## Project: Data Minining Project for a non-profit organisation `UCOUNT`

----
## The CRISP-DM Framework

The CRISP-DM methodology provides a structured approach to planning a data mining project. It is a robust and well-proven methodology. 

- Business understanding (BU): Determine Business Objectives, Assess Situation, Determine Data Mining Goals, Produce Project Plan

- Data understanding (DU): Collect Initial Data, Describe Data, Explore Data, Verify Data Quality

- Data preparation (DP): Select Data, Clean Data, Construct Data, Integrate Data

- Modeling (M): Select modeling technique, Generate Test Design, Build Model, Assess Model

- Evaluation (E): Evaluate Results, Review Process, Determine Next Steps

- Deployment (D): Plan Deployment, Plan Monitoring and Maintenance, Produce Final Report, Review Project

References: 
1. [What is the CRISP-DM methodology?](https://www.sv-europe.com/crisp-dm-methodology/)

2. [Introduction to CRISP DM Framework for Data Science and Machine Learning](https://www.linkedin.com/pulse/chapter-1-introduction-crisp-dm-framework-data-science-anshul-roy/)

### Your Role
All of the tasks you are asked to do in this course assumes that you are leading a data science group for a non-profit (fake) company called UCOUNT (yoUr CONTribution). 

As a non-profit organisation, UCOUNT's main income is donation. Moreover, for some of the smaller projects, UCOUNT uses the Kickstart and other crowd funding platforms to raise funding. 

As data science group leader at UCOUNT, you are tasked to advise the marketing department such that they run an effective donation and kickstart campaigns. 

## Data Sets
You have two sets of data at your disposal. 

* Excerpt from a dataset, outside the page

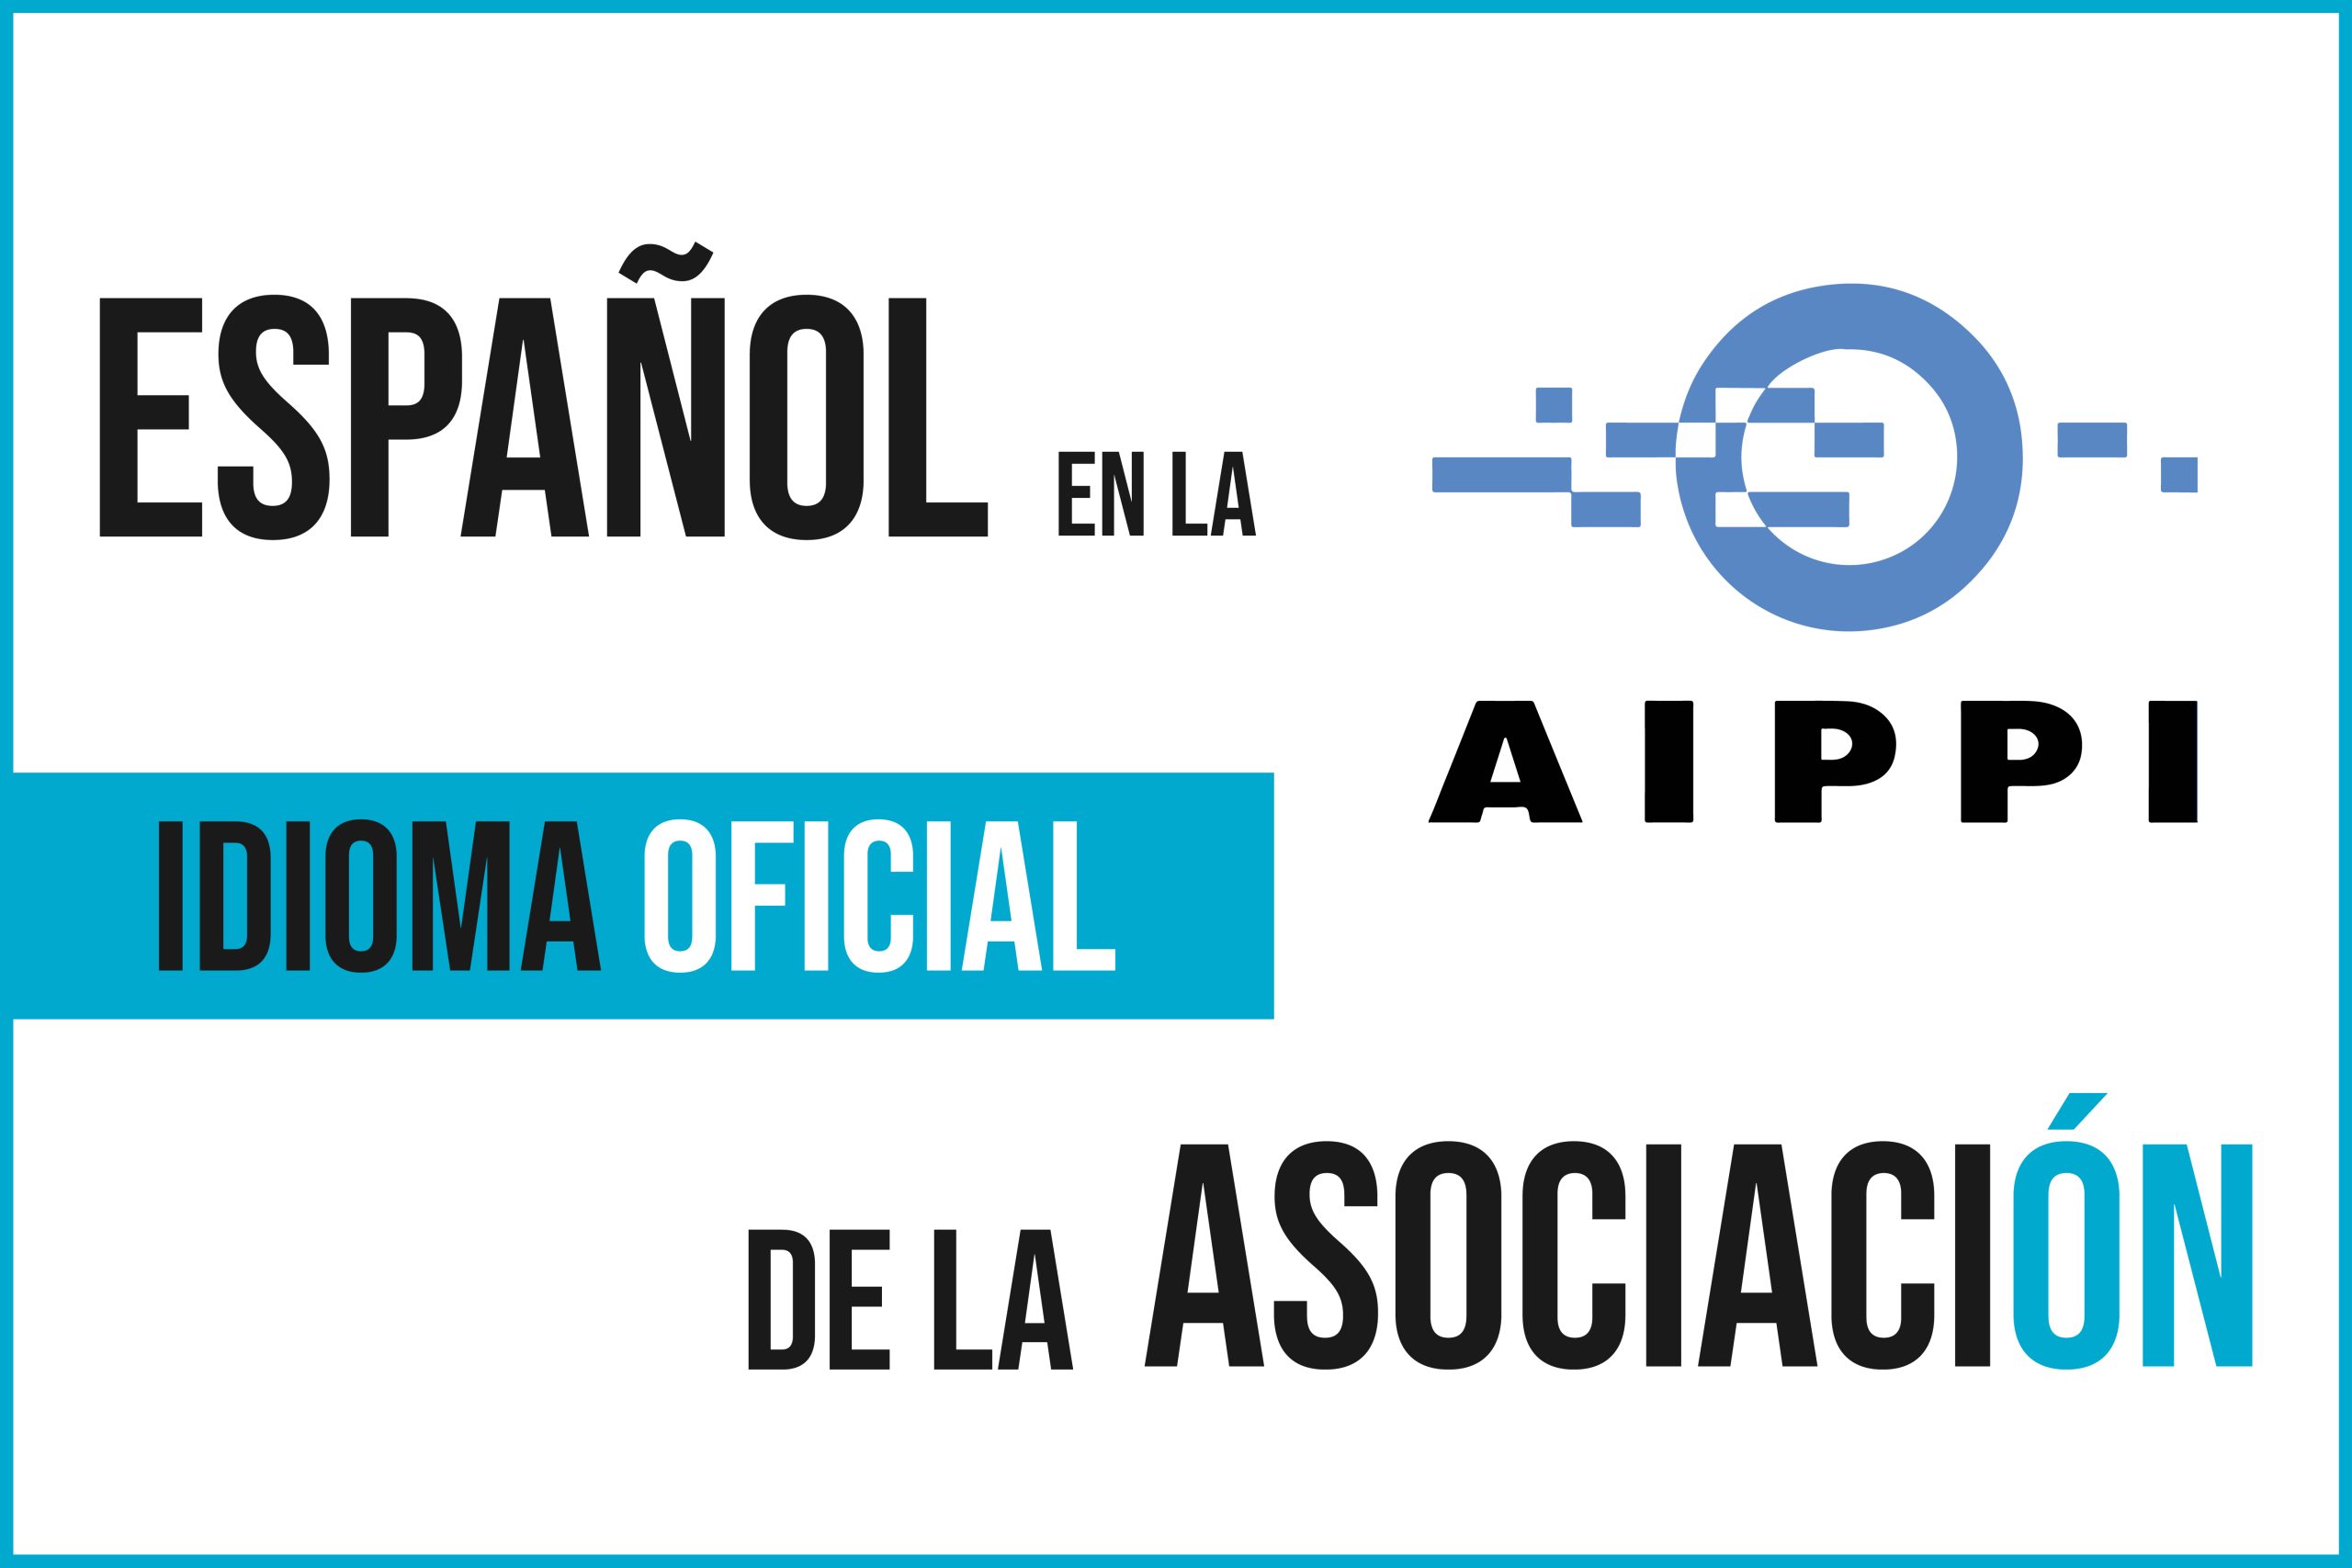 西班牙语是 aippi 协会的官方语言

1. The first one is a collection of crowd funding campaigns performed in the past by different people and organisations at the [Kickstarter website](https://www.kickstarter.com/). The data is obtained using web scraper robots run by [webrobots](https://webrobots.io/kickstarter-datasets/). The bots crawled all Kickstarter projects and collect data which are then dumped in CSV format.

   You can download Kickstarter data set here: [kickstarter-cleaned.csv](https://github.com/flavianh/kickstarter-dash/blob/master/kickstarter-cleaned.csv)
   
   You will use this data to understand the important features of successful crowd funding campaigns. For example what are the common characteristics of successful campaigns?

2. The second data is a Census Income Data Set, which comes from [UCI Machine Learning Repository](https://archive.ics.uci.edu/ml/datasets/Census+Income). The datset was donated by Ron Kohavi and Barry Becker, after being published in the article _"Scaling Up the Accuracy of Naive-Bayes Classifiers: A Decision-Tree Hybrid"_. You can find the article by Ron Kohavi [online](https://www.aaai.org/Papers/KDD/1996/KDD96-033.pdf).

   You can download Census Income Data Set data here: [census-income-1996.csv](s3://10ac-courses-data/csv/census-income-1996.csv)
    
   You will use this data set to predict the annual income of a target donor. Understanding an individual's income can help a non-profit company like UCOUNT better understand how large of a donation to request, or whether or not they should reach out to begin with.  


## Business Understanding

----
This step mostly focuses on understanding the Business in all the different aspects. It follows the below different steps.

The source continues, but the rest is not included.